**Material for the task:**
----
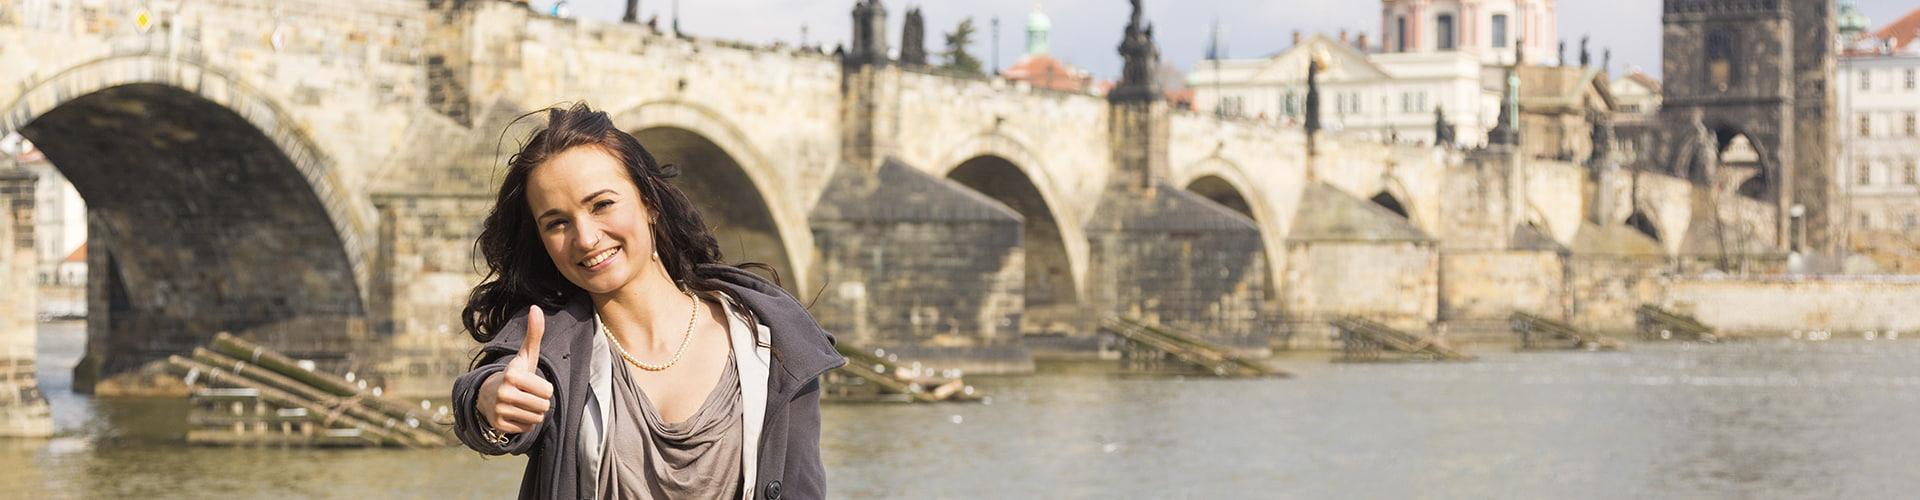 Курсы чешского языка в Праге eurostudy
----
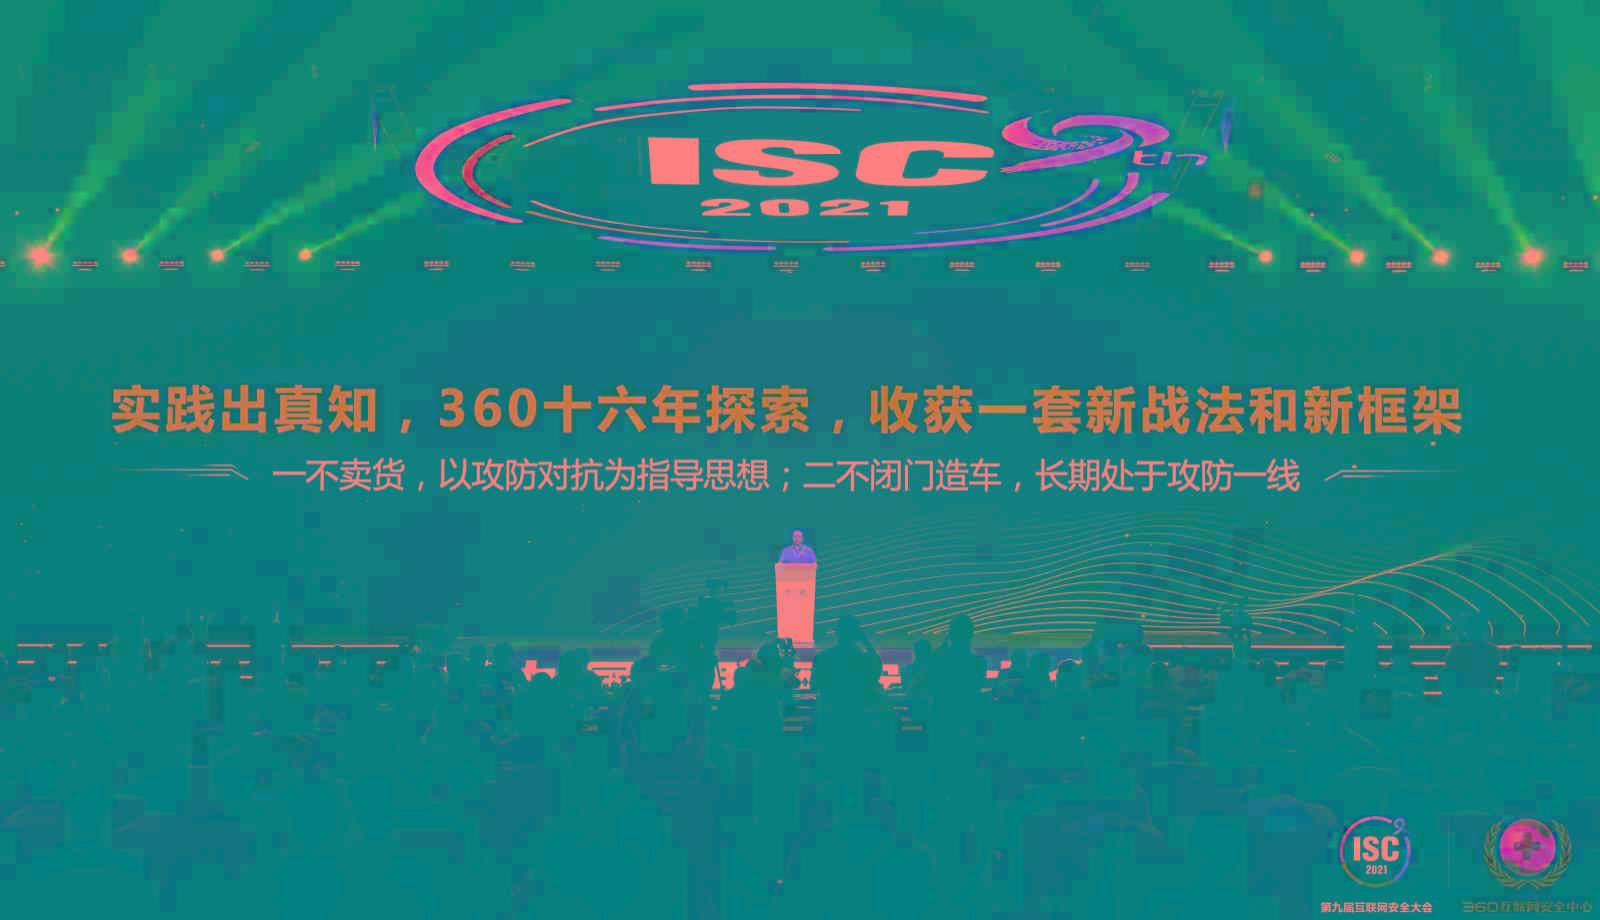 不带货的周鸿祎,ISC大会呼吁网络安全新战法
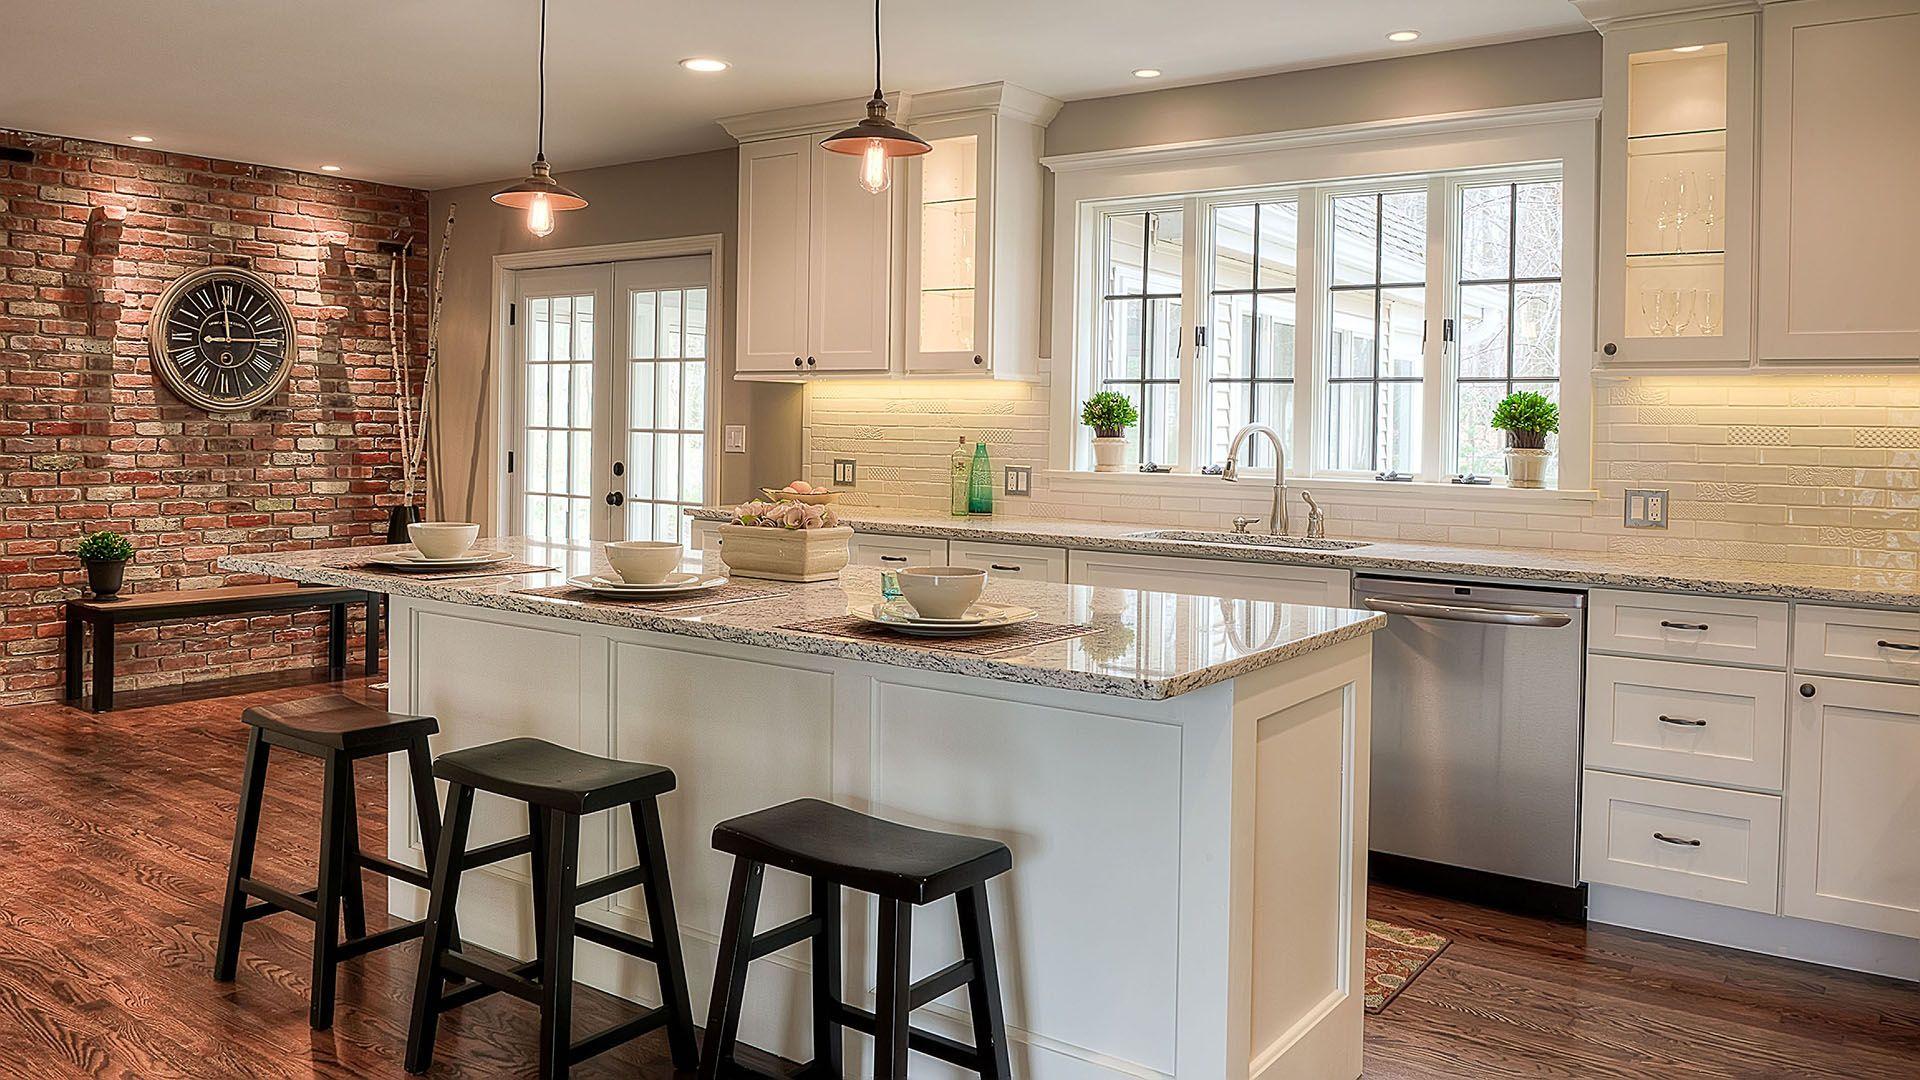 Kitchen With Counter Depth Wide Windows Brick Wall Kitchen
----
**The task:** The line holding "不带货的周鸿祎,ISC大会呼吁网络安全新战法" starts the copy and the line holding "Kitchen With Counter" ends it. Repeat those two lines above and all between them exactly, leaving out pictures.

**Your response:**
 不带货的周鸿祎,ISC大会呼吁网络安全新战法
 Kitchen With Counter Depth Wide Windows Brick Wall Kitchen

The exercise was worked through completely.